This past weekend I embarked upon a canoeing expedition along the Ipswich river, enticed to that arcadian waterway by the melodious splish-splash of twirling paddles on dappled waters; the picturesque posturing of the balletic heron and the basking turtle; the salty promise of adventure on the high seas and a life on the ocean wave; "all I ask is a tall ship and a star to steer her by." Oh yes, it's a pirate's life for me.
The river is almost three feet deep in some places.

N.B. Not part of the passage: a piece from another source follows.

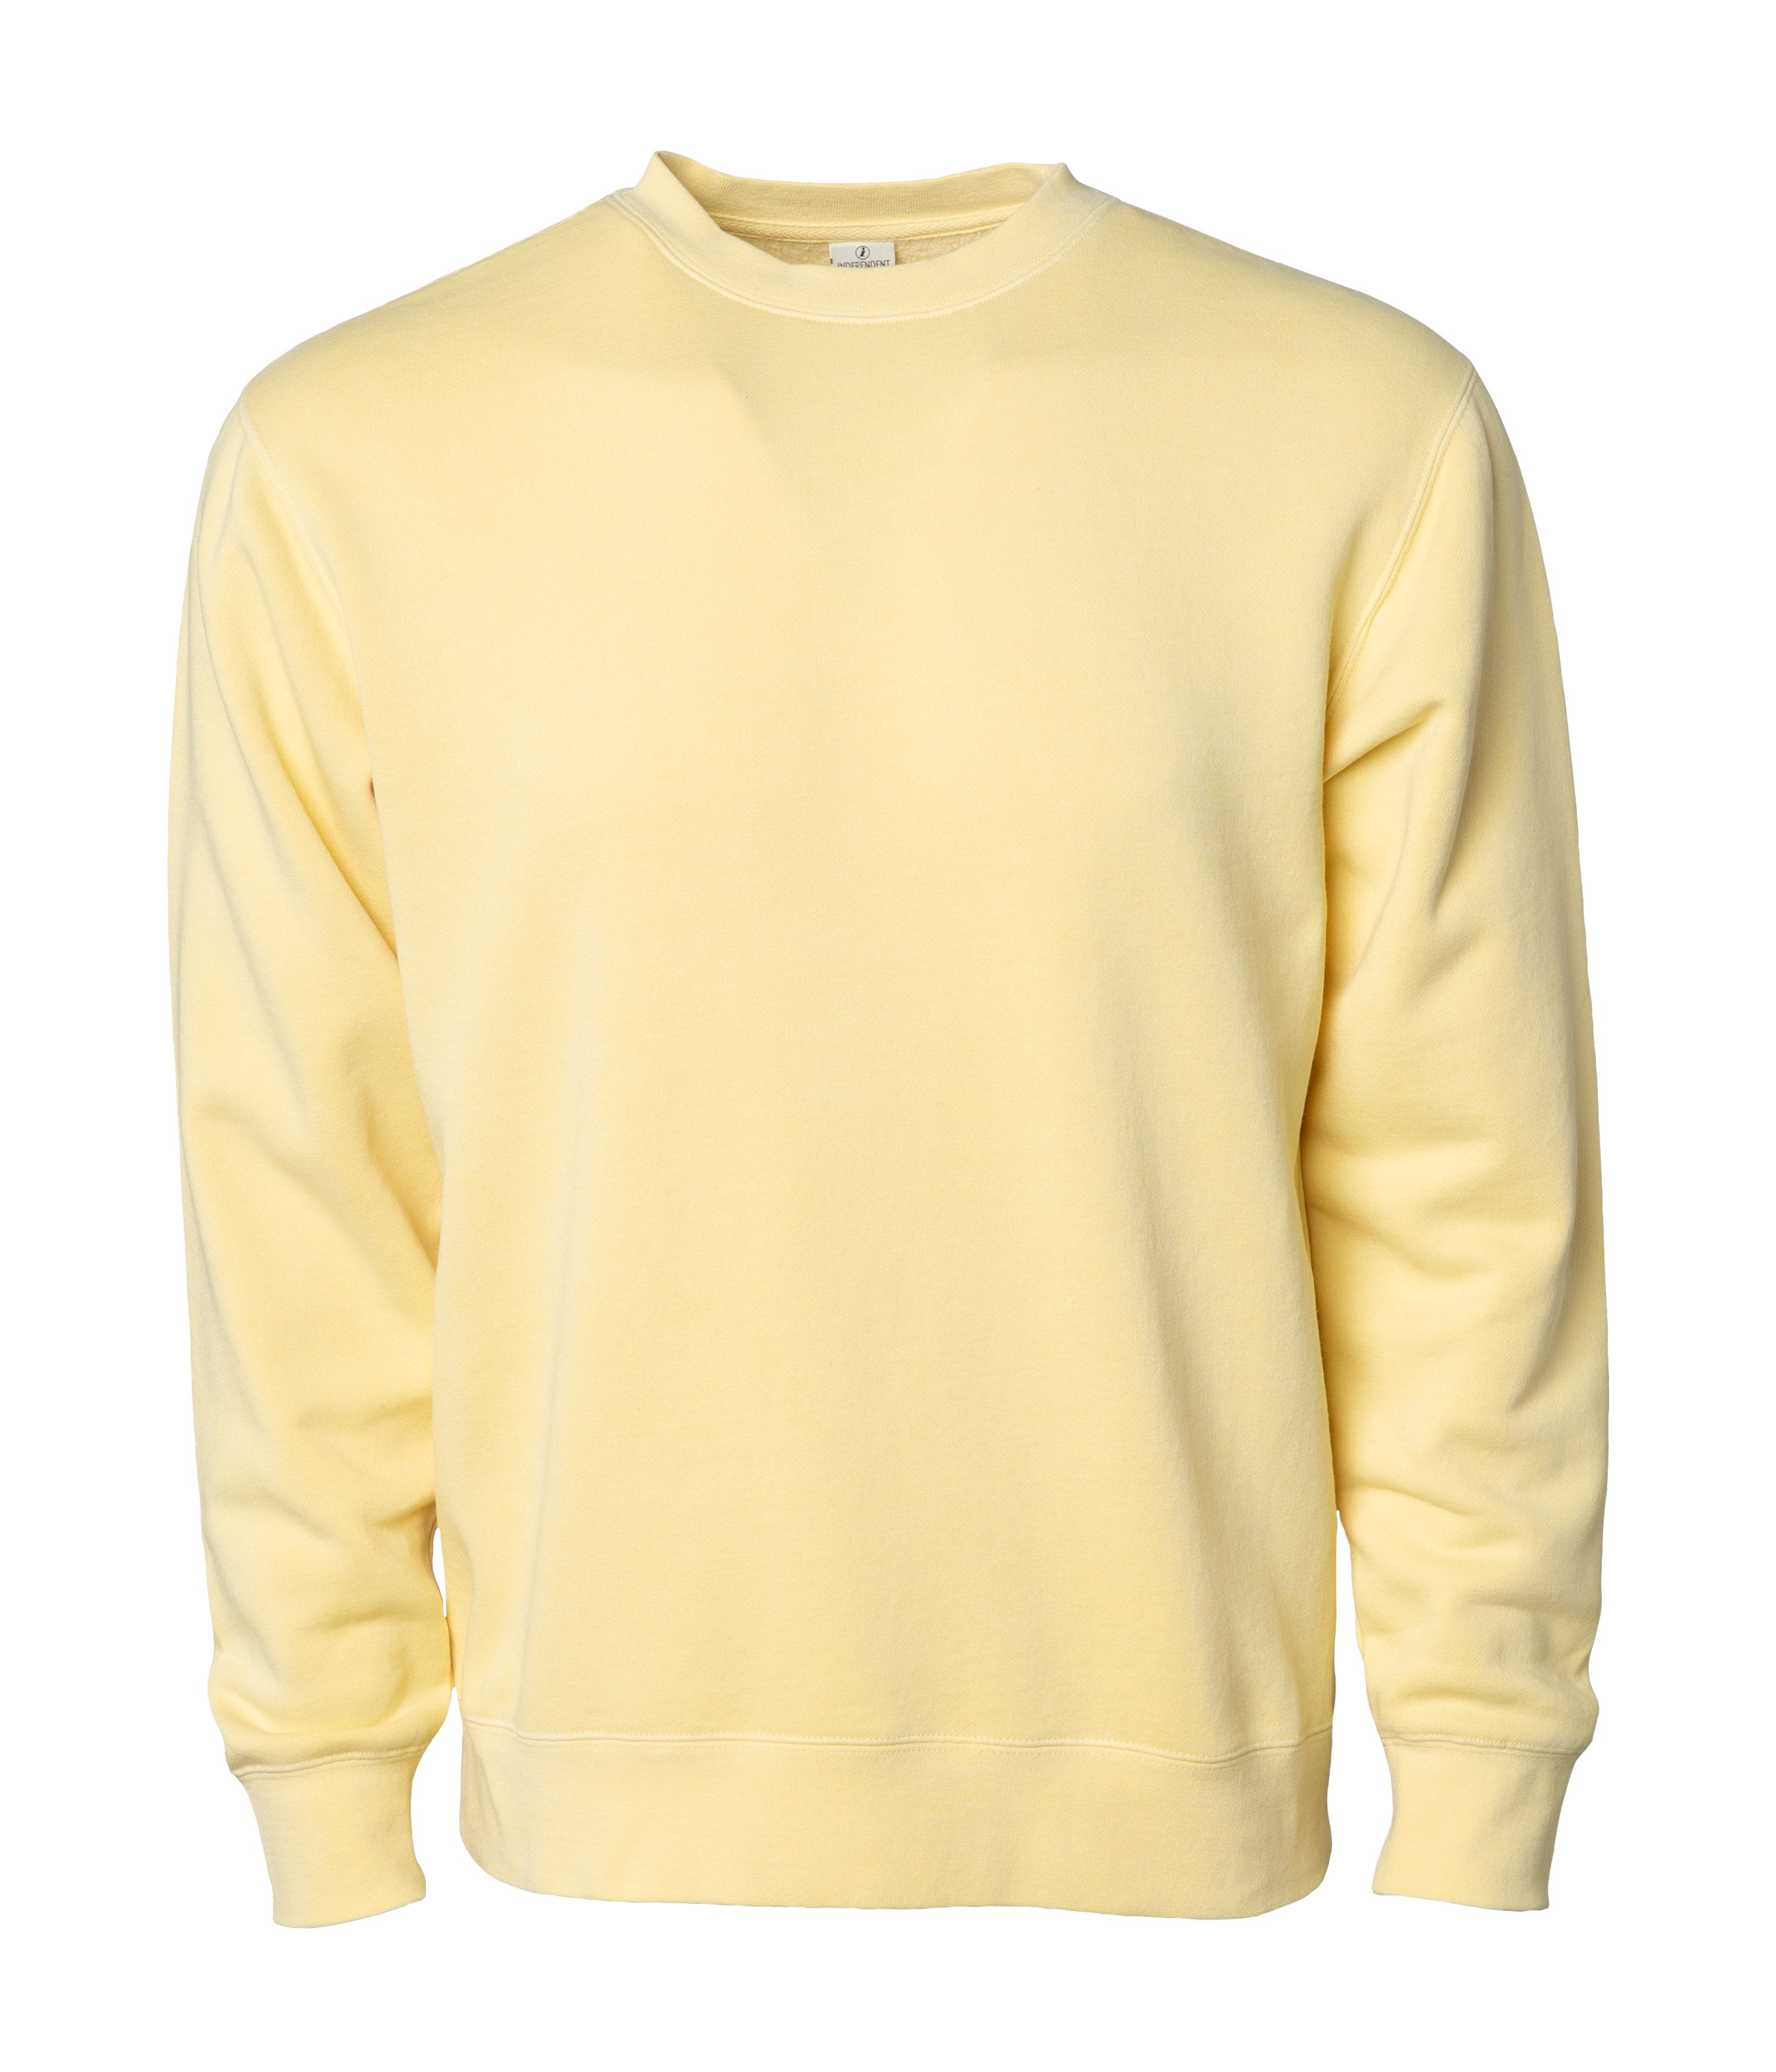 PRM3500 Unisex Midweight Pigment Dyed Crew Neck in Pigment Yellow

As soon as we arrived at the water's edge I felled a tree with my power saw and began hollowing the trunk out. I was halfway through carving the sort of canoe that the Last of the Mohicans would've sold his last tomahawk for when someone told me that most day-trippers just rented ready-made fiberglass canoes by the hour from a trading post nearby. I was also informed that it was easier to simply bring a packed lunch rather than shoot one with my rifle. Apparently it is illegal to chop down trees and slaughter the local wildlife for some reason.
Frankly I thought that honing one's survival skills was what canoeing in the countryside was all about. What's the world coming to when you can't paddle down a lazy river in a recently timbered tree while skinning fresh kill? Since a load of bucolic busybodies seemed determined to spoil my fun, I decided it would be better for all concerned if I simply packed up all my weapons and tools and went back home. So that's what I did.